As himself, he was a boy of thirteen, tall, gangling, skinny, ugly. A bony, sheepish face; bony hands that did the wrong thing instinctively, that invited blame.

As of the brood, he was Jim, the oldest. His sister, Jenny, was a year younger; his brother, Ben, nine; his brother, Cal, eight; his sister, Lizzie, six; the baby, Peter, was fifteen months, stub of the brood.

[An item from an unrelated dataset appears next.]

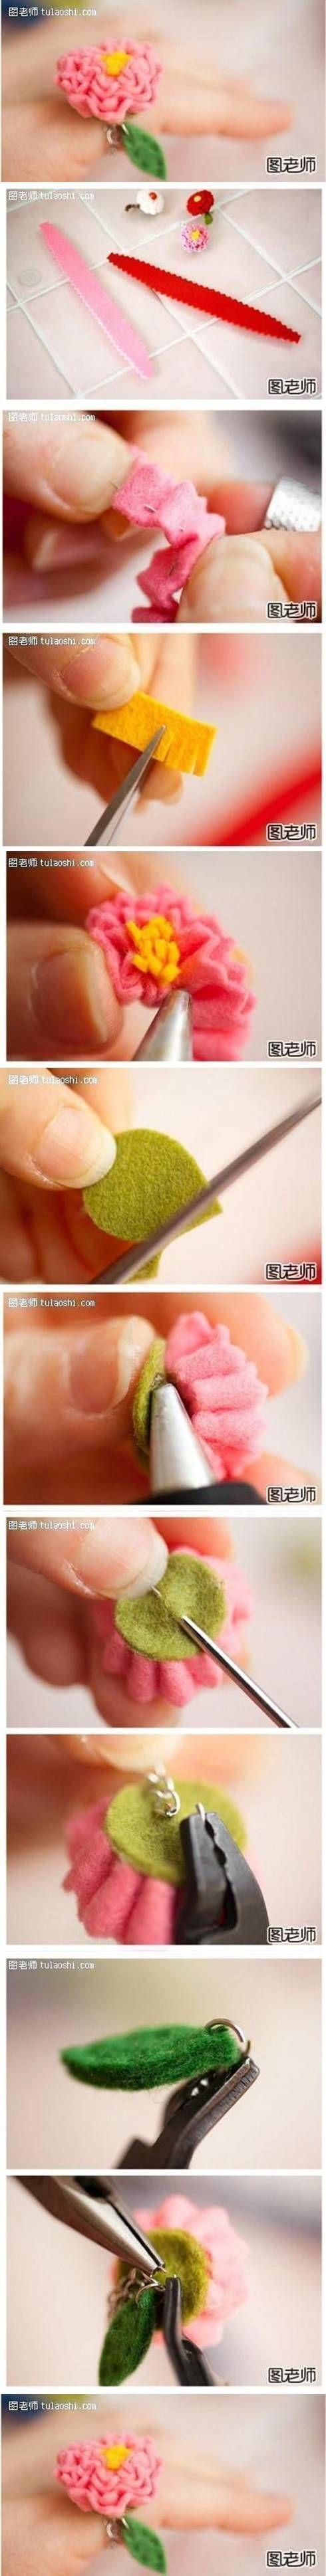 DIY Romantic Flower Ring DIY Projects

He, Jim, became awake—to sound, to light, to consciousness of time and distance. Time and distance stretched out, and always eighteen sway-backed covered wagons were his world. In that world he lived, fought, bickered, slept, and waked. Past and future were as nothing; for only intermittently did he think of the place where they had originated, and hardly at all of the vague place to which they were going. That it was the year eighteen seventy-two meant little to him; that the purple haze on the western horizon was the hump of the continent, the Rocky Mountains, meant even less. The world was within the circle of wagons, and that was all the world.

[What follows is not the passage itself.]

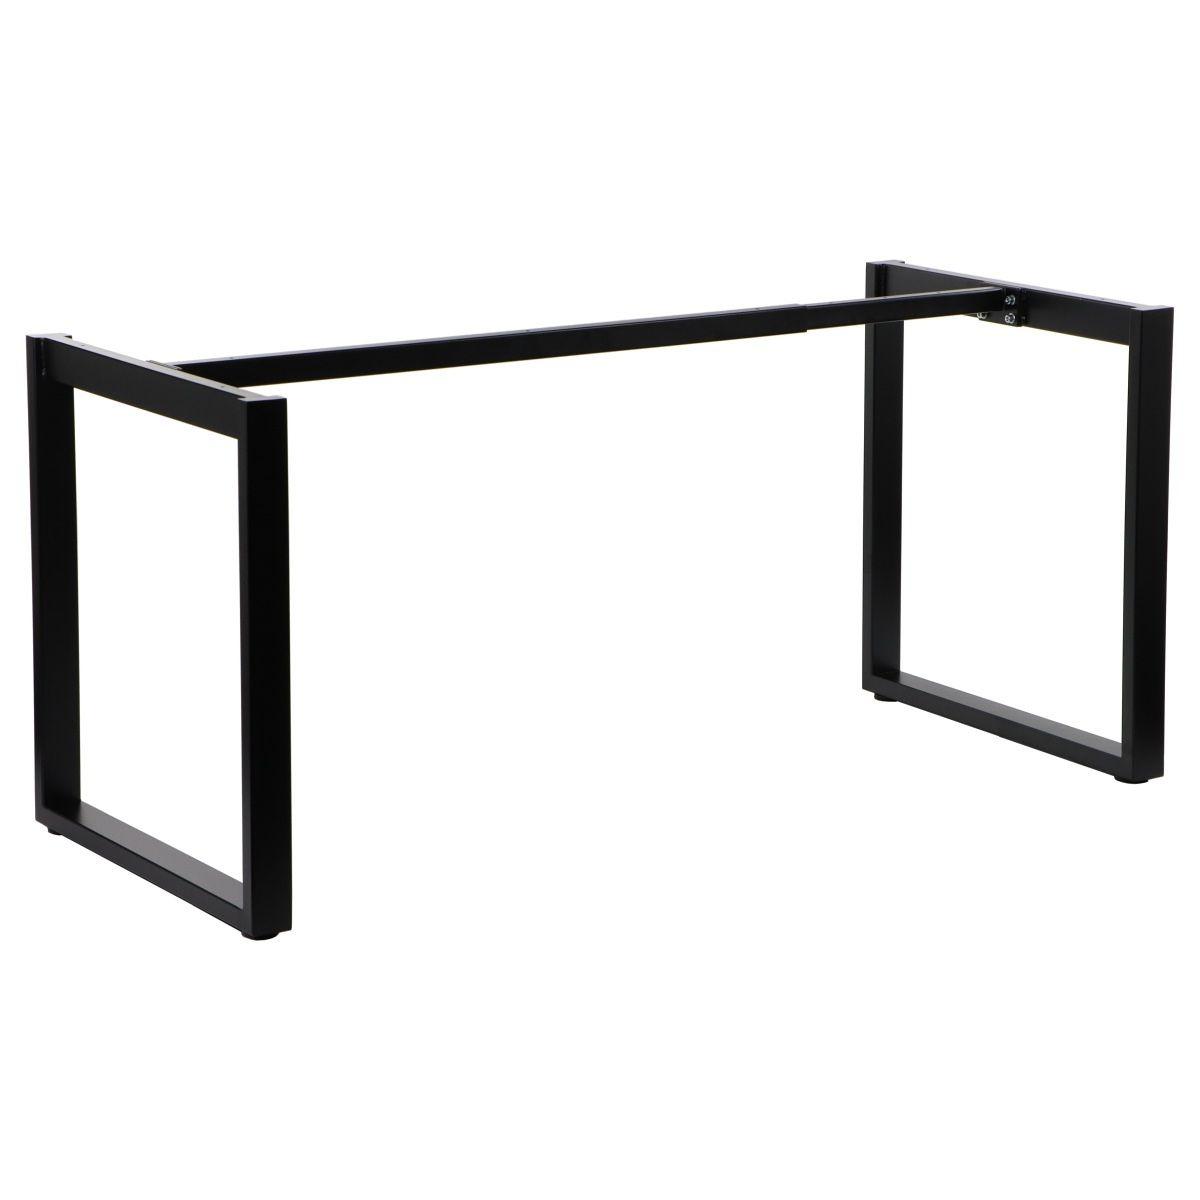 Stelaż skręcany do stołu i biurka EF-NY-131 czarny 159,6x69,6 cm

Becoming awake that way, to heat, to smells of cooking, he felt the contact of his sister Jenny's ribs pressing his elbow. He jabbed with his elbow, felt his sister twitch out of sleep, jabbed again, and heard her offended cry.

“You lemme alone!” she screamed.

He sat up, a smirk on his long, sun-splotched face, his lips pursed and whistling: “Oh! Susanna, oh don't you cry for me—”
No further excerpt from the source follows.